What the task asks:
What is needed is the exact text of each line in the listing below from the one with "She Who Kneels" up to and including the one with "Muse Necklace - Silver", and no pictures.

Study material:
━━━━━━━━━━
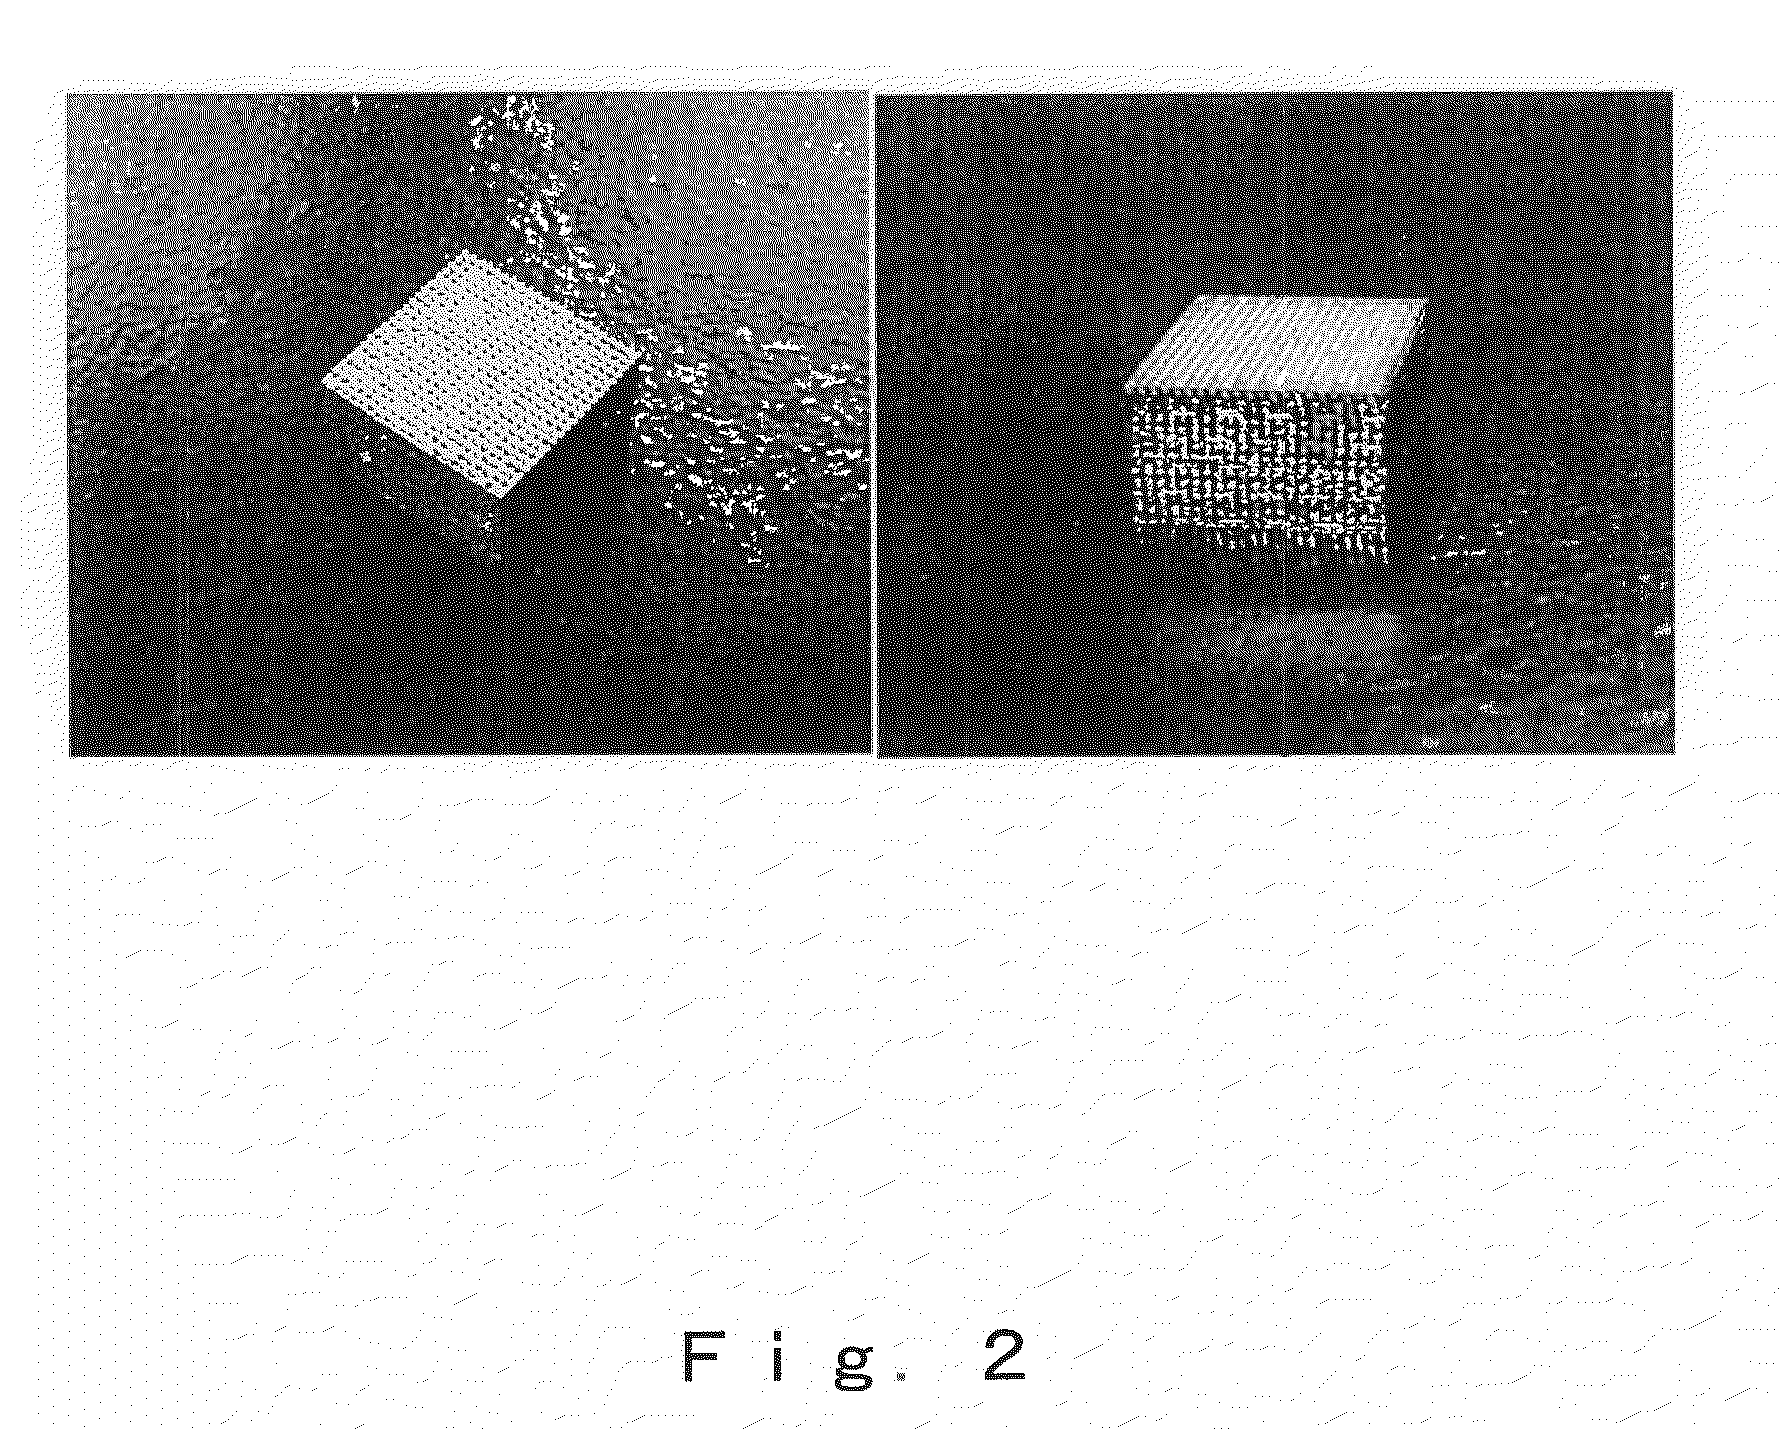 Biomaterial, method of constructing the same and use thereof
━━━━━━━━━━
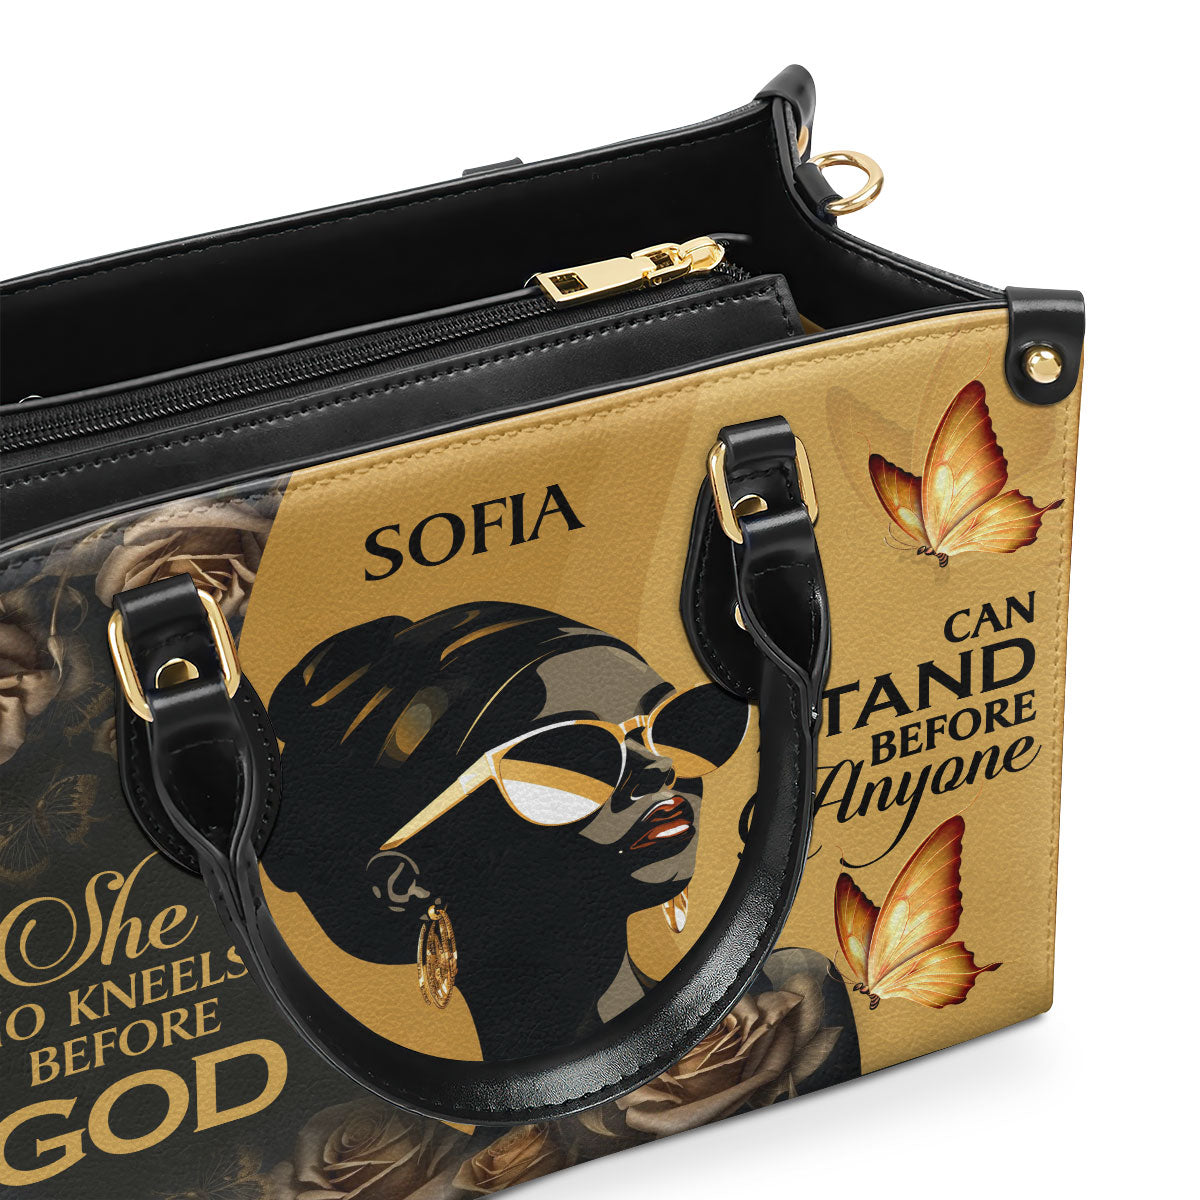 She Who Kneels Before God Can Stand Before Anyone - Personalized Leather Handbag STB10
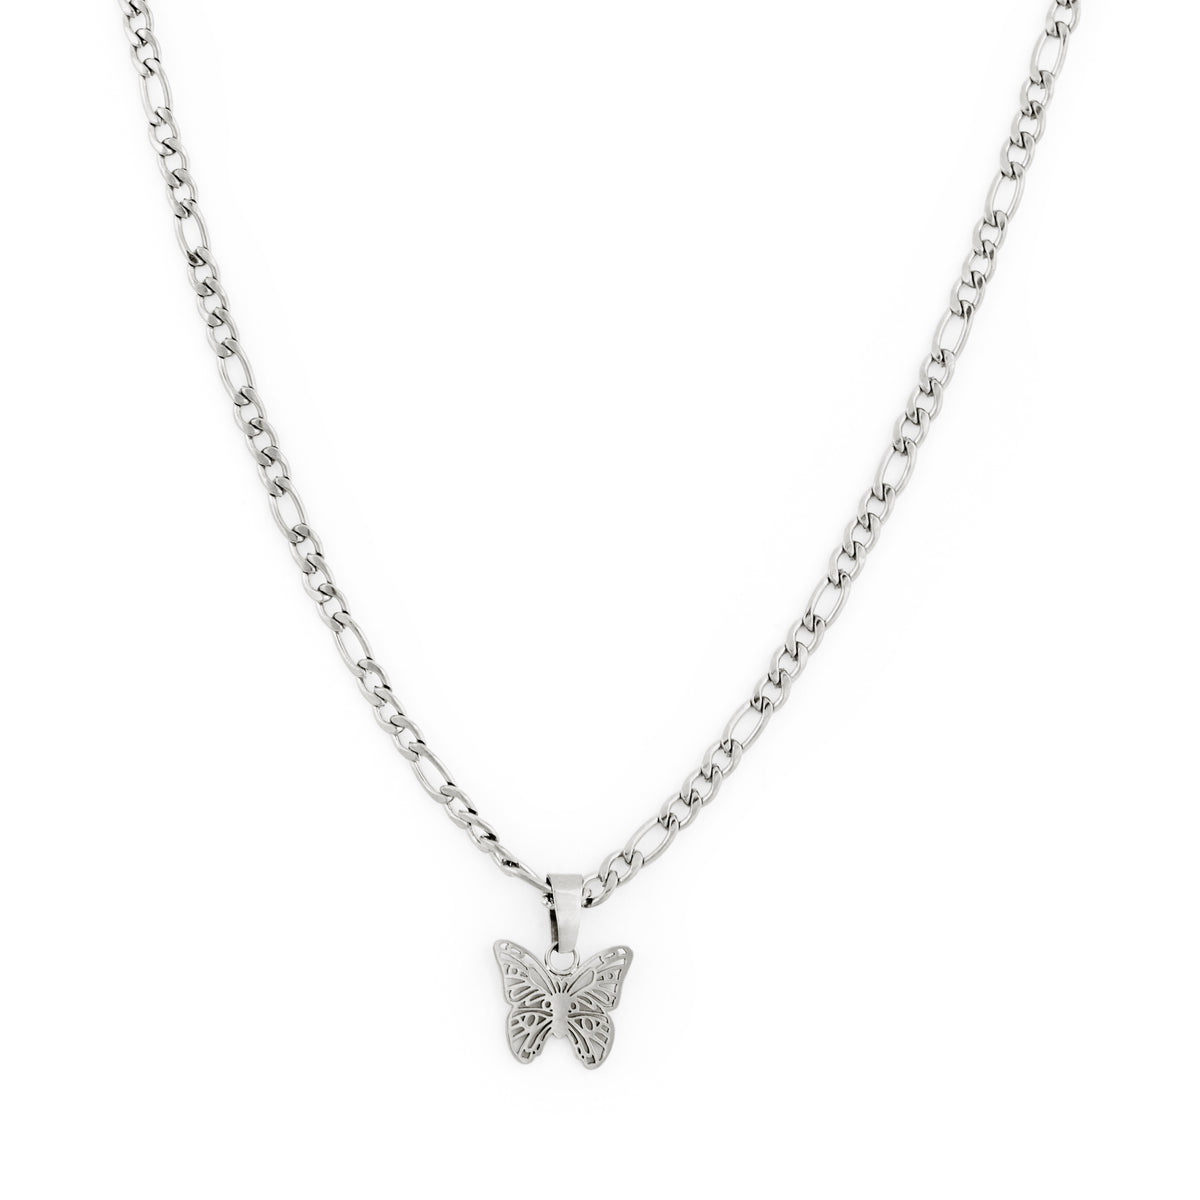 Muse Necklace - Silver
━━━━━━━━━━
Task response:
 She Who Kneels Before God Can Stand Before Anyone - Personalized Leather Handbag STB10
 Muse Necklace - Silver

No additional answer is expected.